Are there benefits in having a rapid, less accurate test as well as having a slower, more accurate test? Let’s consider what accuracy means in these tests and why you might be willing to tolerate different errors at different times.

I won’t address how these tests are evaluating different biological endpoints. I’ve been impressed at how national and local sources have worked to explain the differences between tests that look for particular protein segments or for genetic material characteristic of the virus. Richard Harris (National Public Radio in the US) also provided a nice discussion of reliability of COVID-19 tests that might be of interest.

I want to talk about mistakes, errors in testing. No test is perfectly accurate. Accuracy is good but accuracy can be defined in different ways, particularly in ways that reflect errors in decisions that are made. Two simple errors are commonly used when describing screening tests – saying someone has a disease when, in truth, they don’t (sorry Governor DeWine) or saying someone is disease free when, in truth, they have the disease. Governor DeWine had 3 COVID-19 tests – the first rapid test was positive, the second and third tests were negative. Thus, we assume his true health status is disease free.

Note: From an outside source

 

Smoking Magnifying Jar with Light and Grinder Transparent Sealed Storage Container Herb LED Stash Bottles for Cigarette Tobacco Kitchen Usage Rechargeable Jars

These errors are called false positive and false negative errors. (For those of you who took introductory statistics class in a past life, these errors may have been labeled differently: false positive error = Type I error and false negative error = Type II error.) Testing concepts include the complements of these errors – sensitivity is the probability a test is positive for people with the disease (1 – false negative error rate) and specificity is the probability a test is negative for disease-free people (1 – false positive rate). If error rates are low, sensitivity and specificity are high.

It is important to recognize these errors can only be made when testing distinct groups of people. A false positive error *only* can be made when testing disease-free people. A false negative error *only* can be made when testing people with the disease. An additional challenge is that the real questions people want to ask are “Do I have the disease if I test positive?” and “Am I disease free if my test is negative?” Notice these questions involve the consideration of two other groups –people who *test* positive and people who *test* negative!

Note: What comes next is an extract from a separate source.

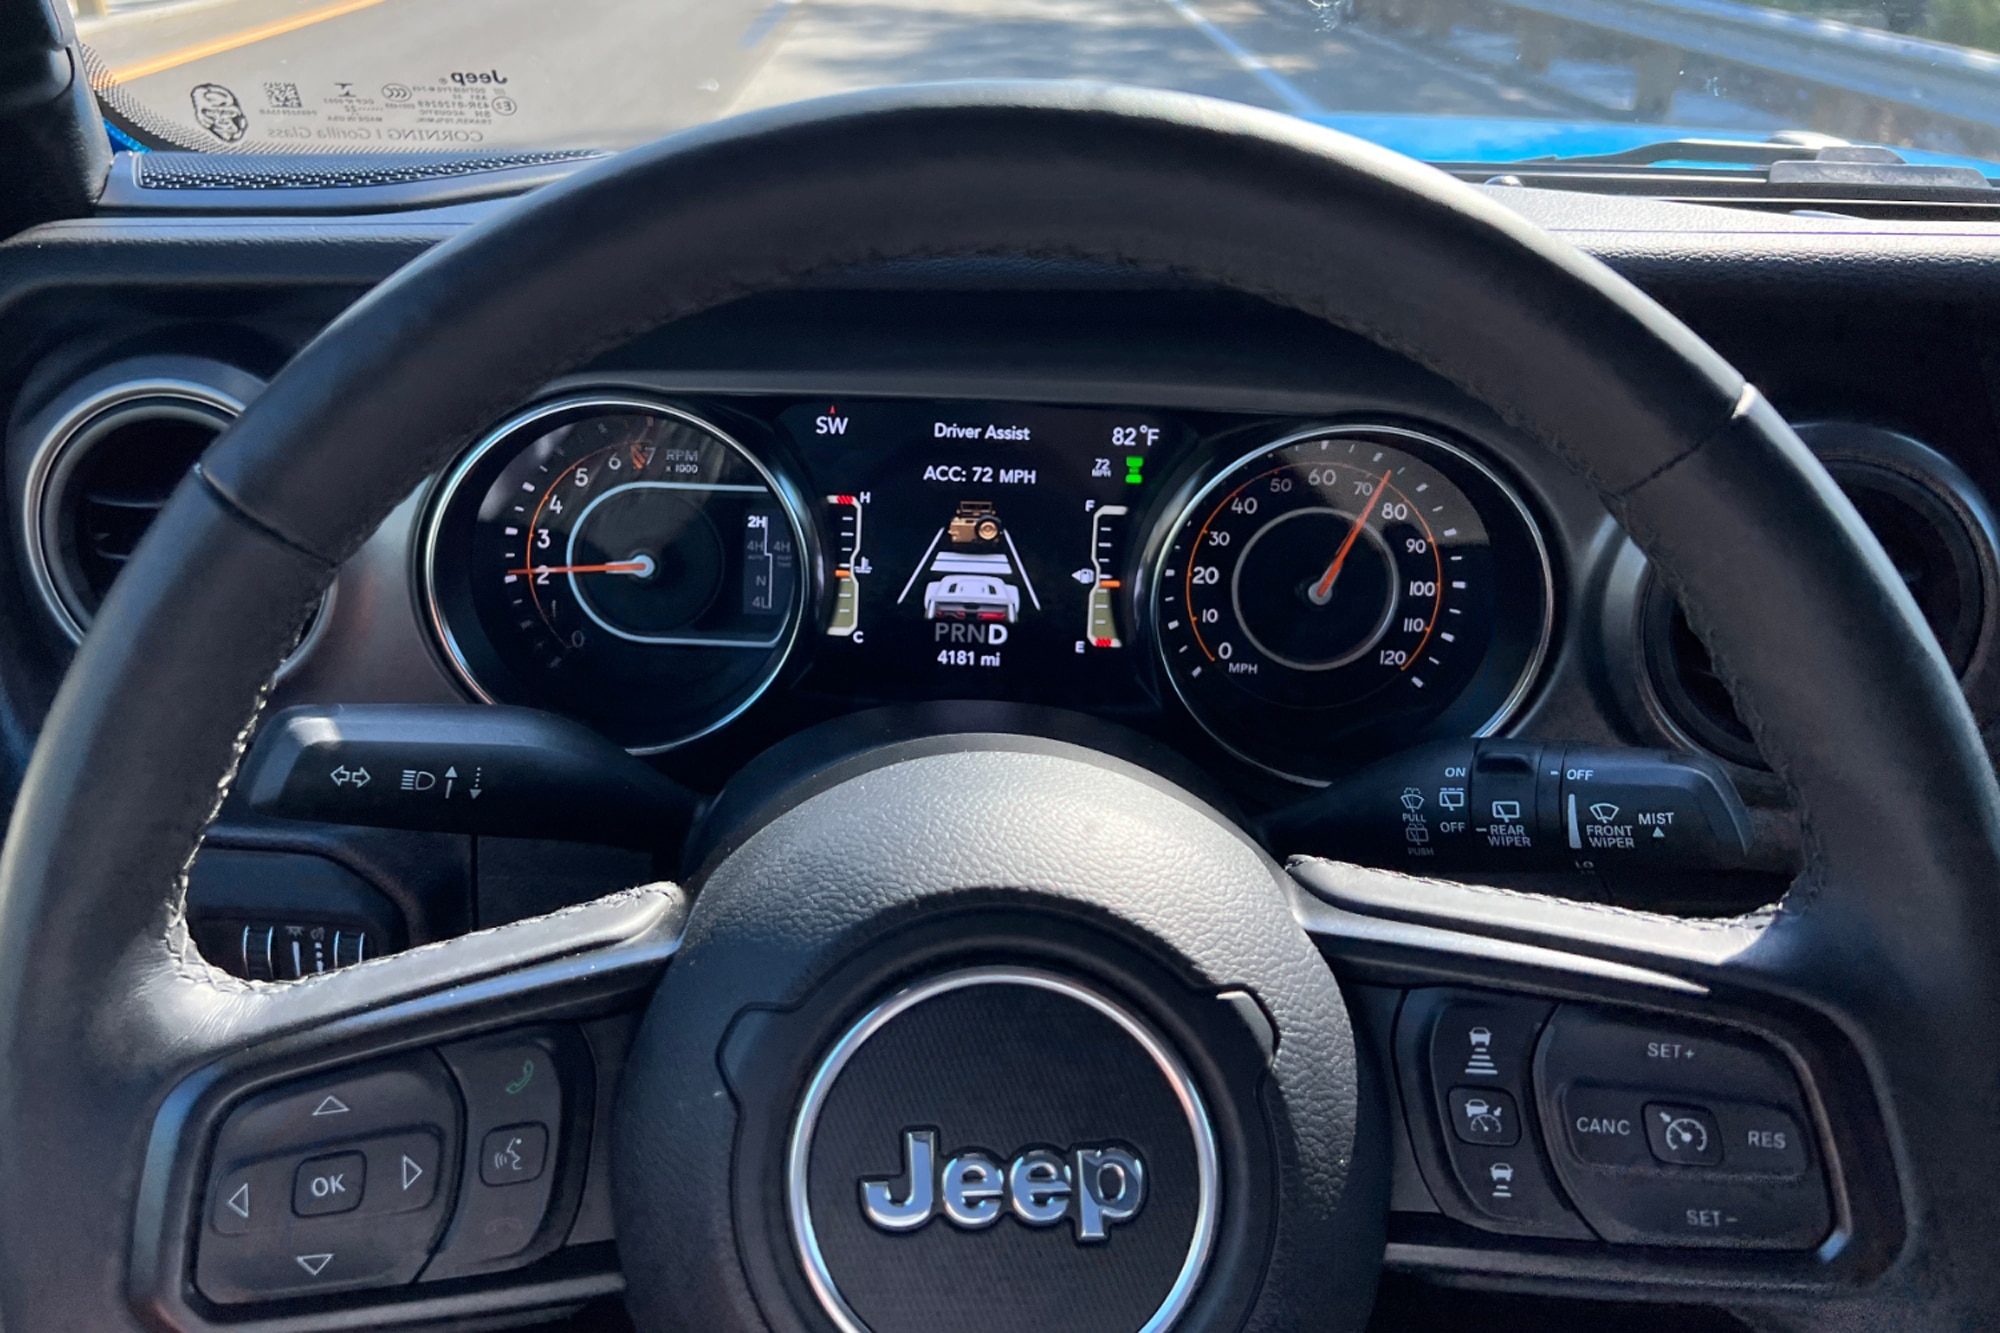 2022 Jeep Wrangler Adaptive Cruise Control and steering wheel

## Understanding the probabilities

Probability calculations can be used to understand the probability of having a disease given a positive test result — if you know the false positive error rate, the false negative error rate and the percentage of the population with the disease, along with testing status of a hypothetical population. The British Medical Journal (BMJ) provides a nice web calculator for exploring the probability that a randomly selected person from a population has the disease for different test characteristics. In addition, the app interprets the probabilities in terms of counts of individuals from a hypothetical population of 100 people classified into 4 groups based upon true disease status (disease, no disease) and screening test result (positive, negative).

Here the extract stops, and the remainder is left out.